- Born: Nishida Atsuko
- Known for: Video game design
- Notable work: Pokémon, Pulseman, Hometown Story

= Atsuko Nishida =

Japanese graphic artist, character designer, and illustrator

Atsuko Nishida (西田 敦子, Nishida Atsuko) is a Japanese graphic artist who previously worked at Game Freak and TOYBOX Inc. She designed a number of creatures for the Pokémon franchise, including one of the best-known Pokémon species, the franchise's mascot Pikachu.

== Career ==
Nishida was working at Game Freak on the game Pulseman with the art director for Pokémon, Ken Sugimori. In his initial character design, Sugimori made most of the Pokémon scary, but he realized he also wanted to have cute characters in the game. This led to the design of Pikachu, which was originally based on a daifuku, a Japanese sweet treat. Nishida changed the design later, basing it on a squirrel, as Nishida said she was obsessed with squirrels at the time. Squirrels were also her inspiration for the electric cheeks, as they tend to store food in their cheeks. Pikachu was later changed to be a mouse by Satoshi Tajiri, one of the Pokémon creators. The original design included the Raichu evolution, as well as a third evolution, which was later abandoned.

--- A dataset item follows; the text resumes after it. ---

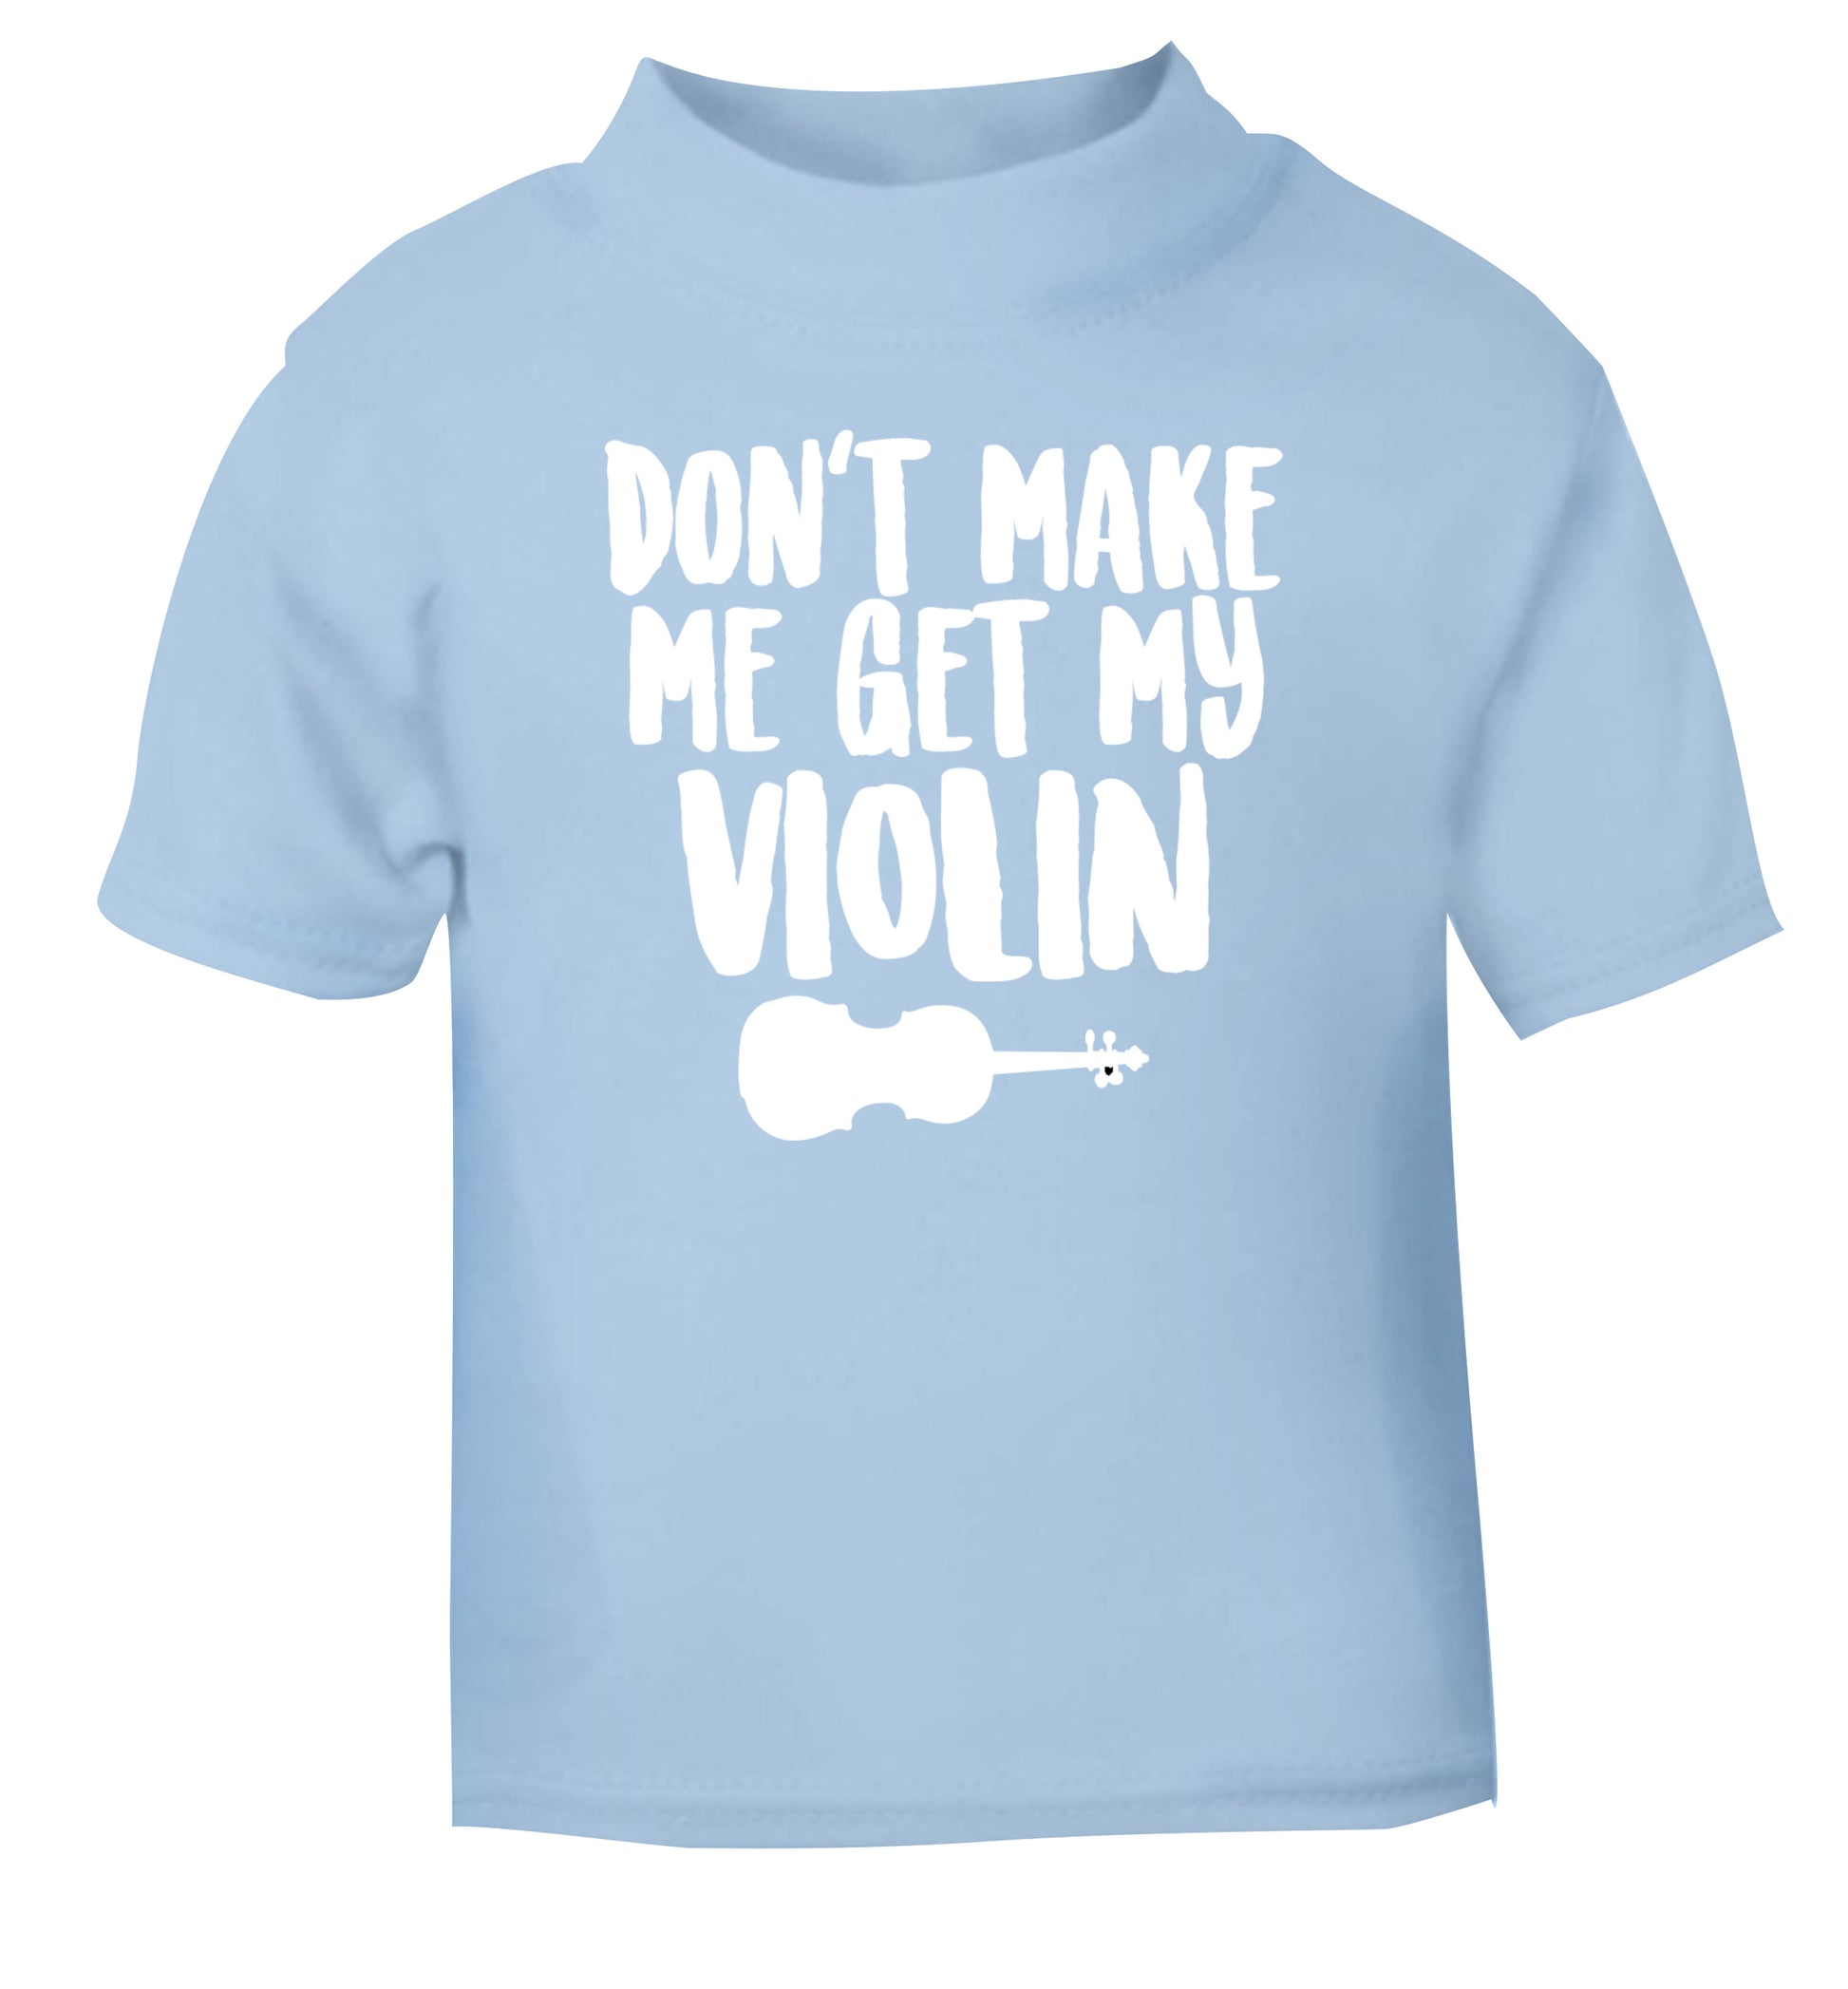 Don't make me get my violin light blue Baby Toddler Tshirt 2 Years

Nishida's other Pokémon design credits include Bulbasaur, Charmander, and Squirtle. She furthermore designed some of the Eevee evolutions (or "Eeveelutions"), including Glaceon and Sylveon. She was also the artist on a large number of Pokémon Trading Card Game cards, including the Pikachu Illustrator card, which was sold for $195,000 in 2019, winning it the Guinness World Record of most expensive Pokémon trading card (at auction). This beat the previous record from 2016 when a card with the same design by Nishida was sold for $54,970.

Nishida also worked for the Japanese game development studio TOYBOX Inc. on Hometown Story, a Nintendo 3DS game.

Also, while unconfirmed, due to her work on the entire Pikachu line and their resemblance to Pikachu, it is speculated that she also designed Mega Raichu X and Mega Raichu Y for the Pokémon: Legends Z-A Mega Dimension DLC.

== Personal life ==
Nishida is a very private person; she spent the entirety of a 2018 interview hidden behind a giant Pikachu plush doll.